* _Task prompt_
From the first line to the last, transcribe the data exactly and skip the pictures.

* _Dataset section_

- Opening Delimiter -

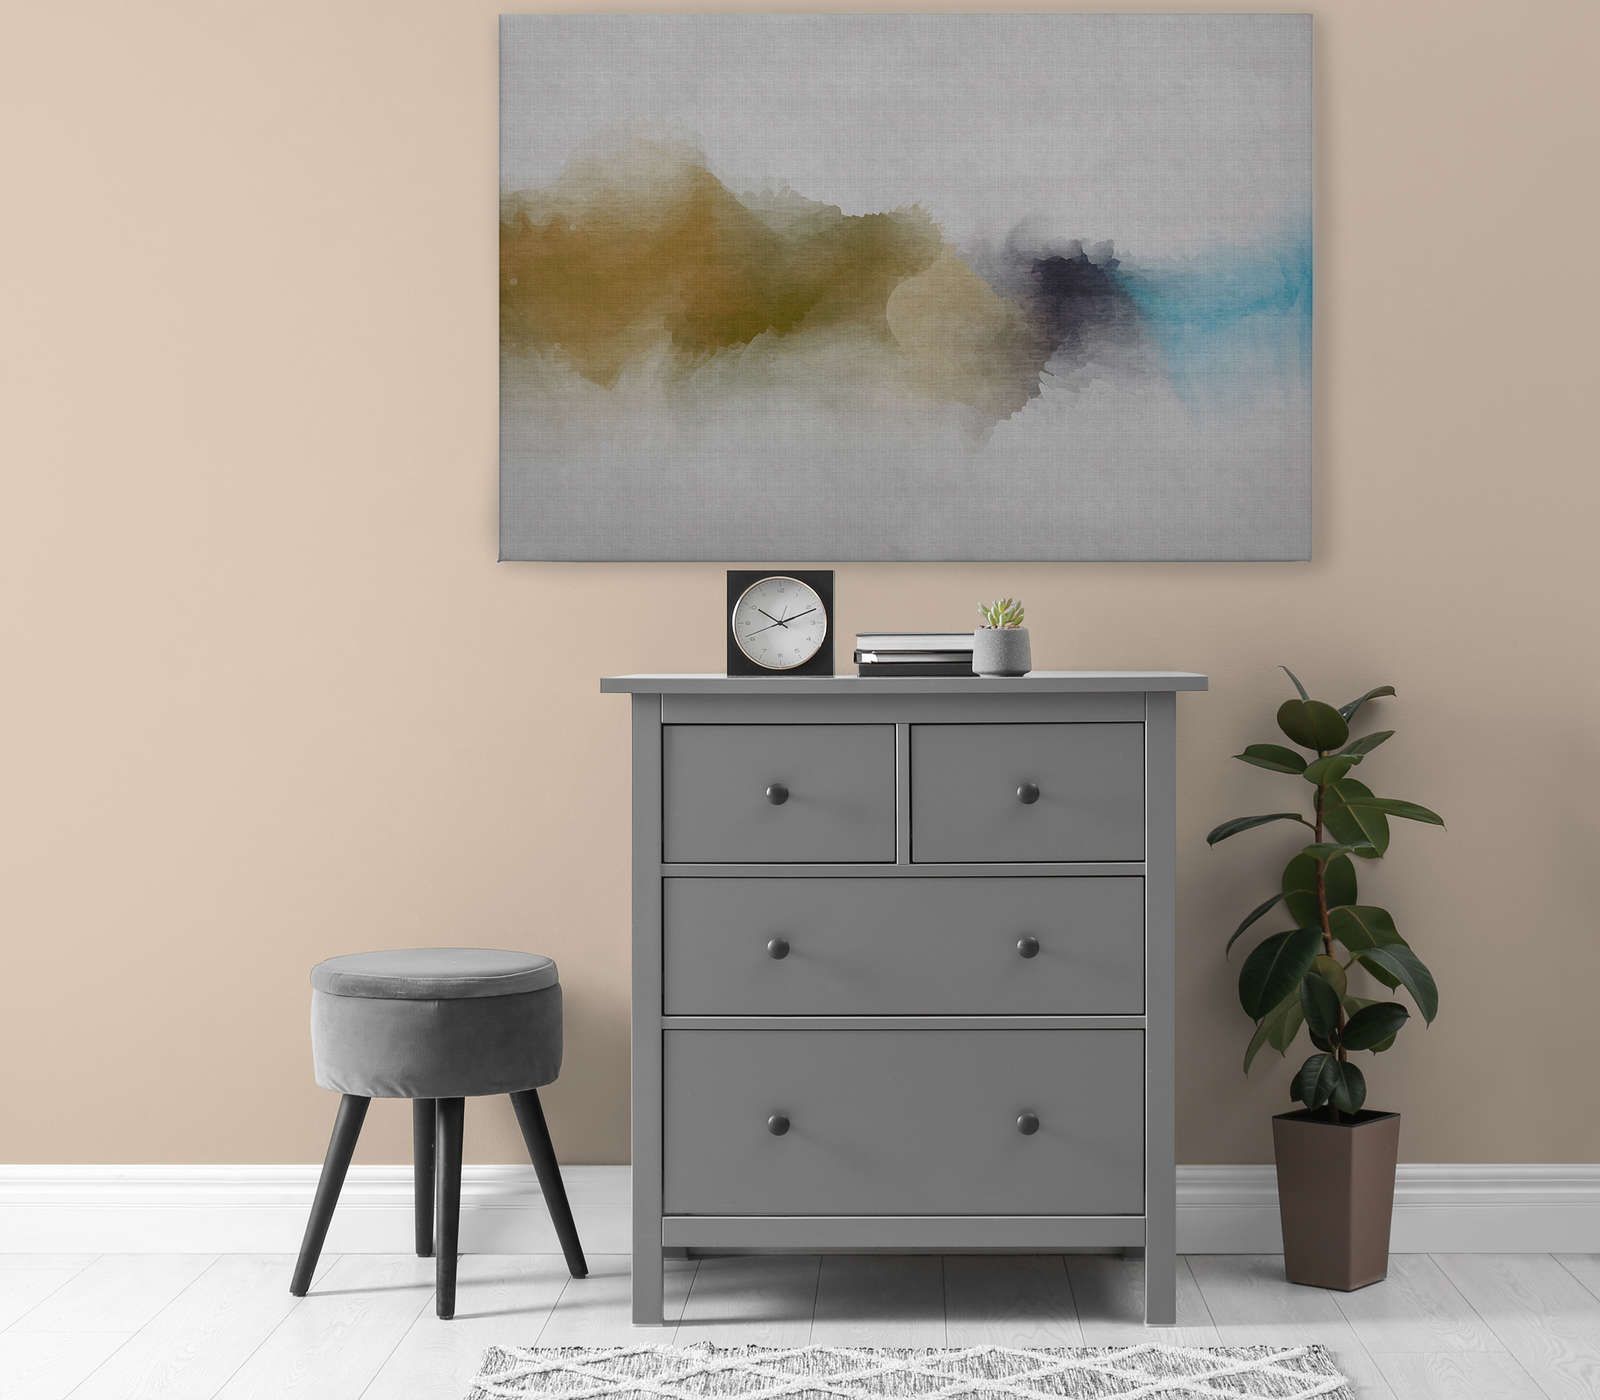             Daydream 3 - Canvas painting cloudy watercolour pattern- natural linen look - 1.20 m x 0.80 m
        
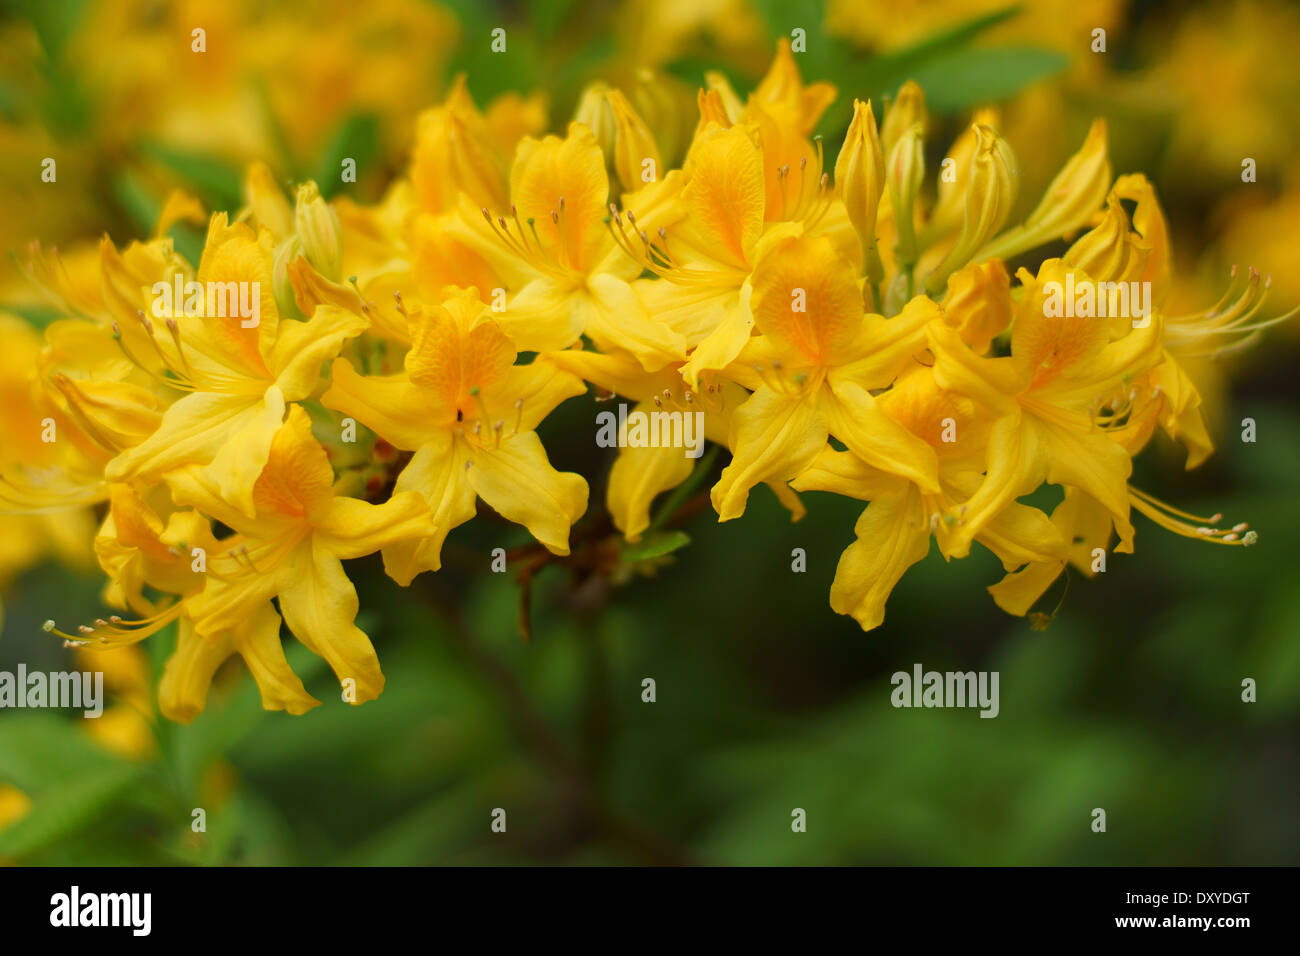 Rich yellow azalea flowers close up Rhododendron luteum Stock Photo
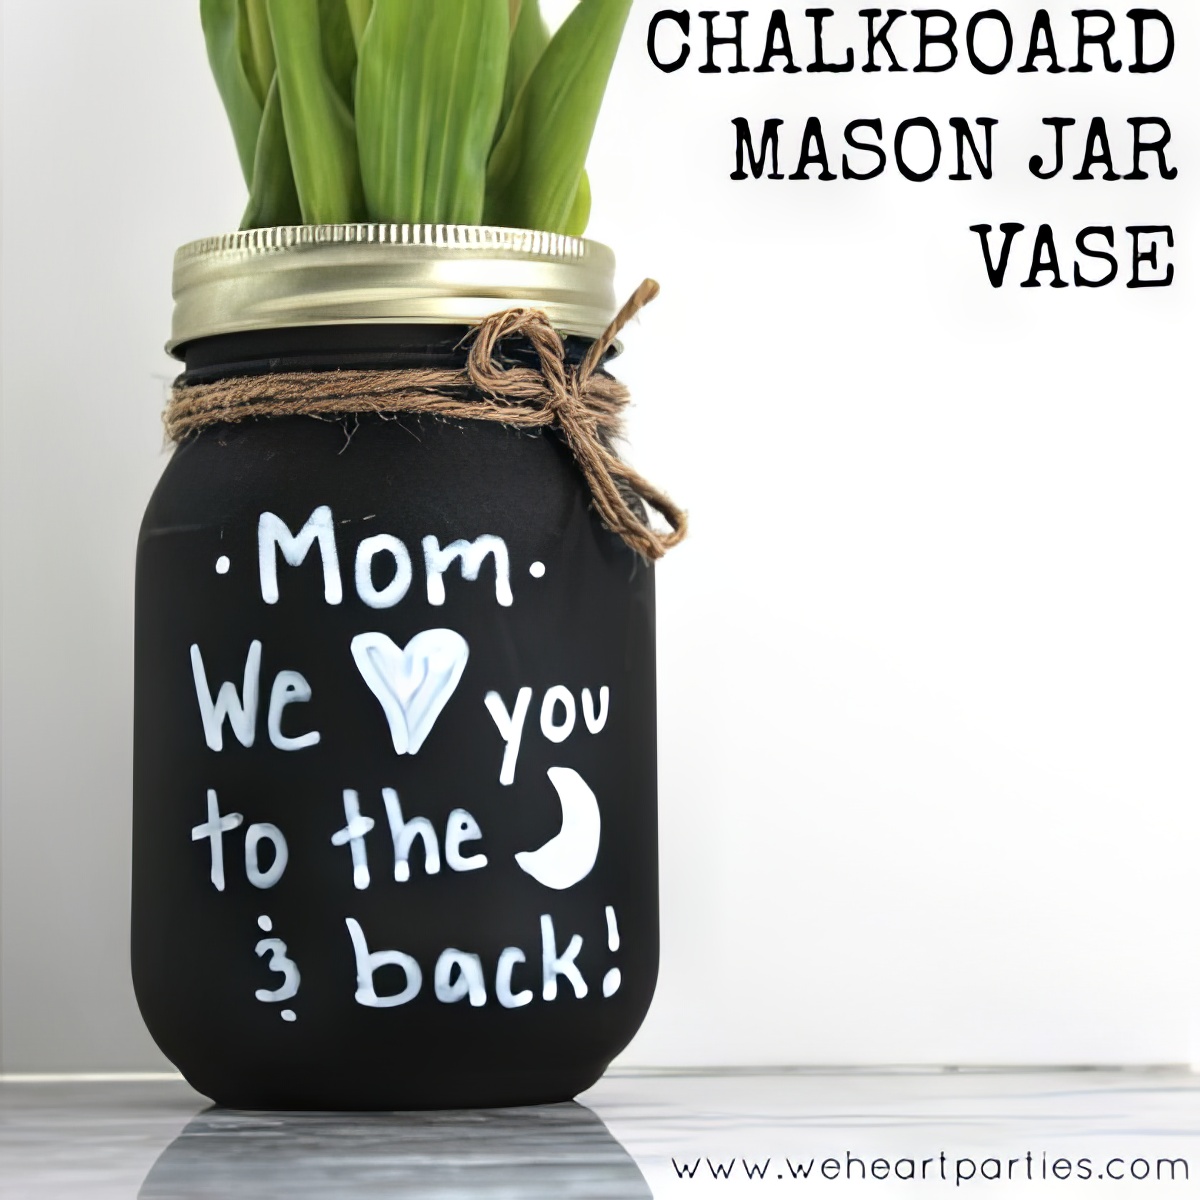 DIY Chalkboard Mason Jar Mothers Day Vase craft ideas for kids of all ages

- Closing Delimiter -

* _Solution for this exercise_
             Daydream 3 - Canvas painting cloudy watercolour pattern- natural linen look - 1.20 m x 0.80 m
        
 Rich yellow azalea flowers close up Rhododendron luteum Stock Photo
 DIY Chalkboard Mason Jar Mothers Day Vase craft ideas for kids of all ages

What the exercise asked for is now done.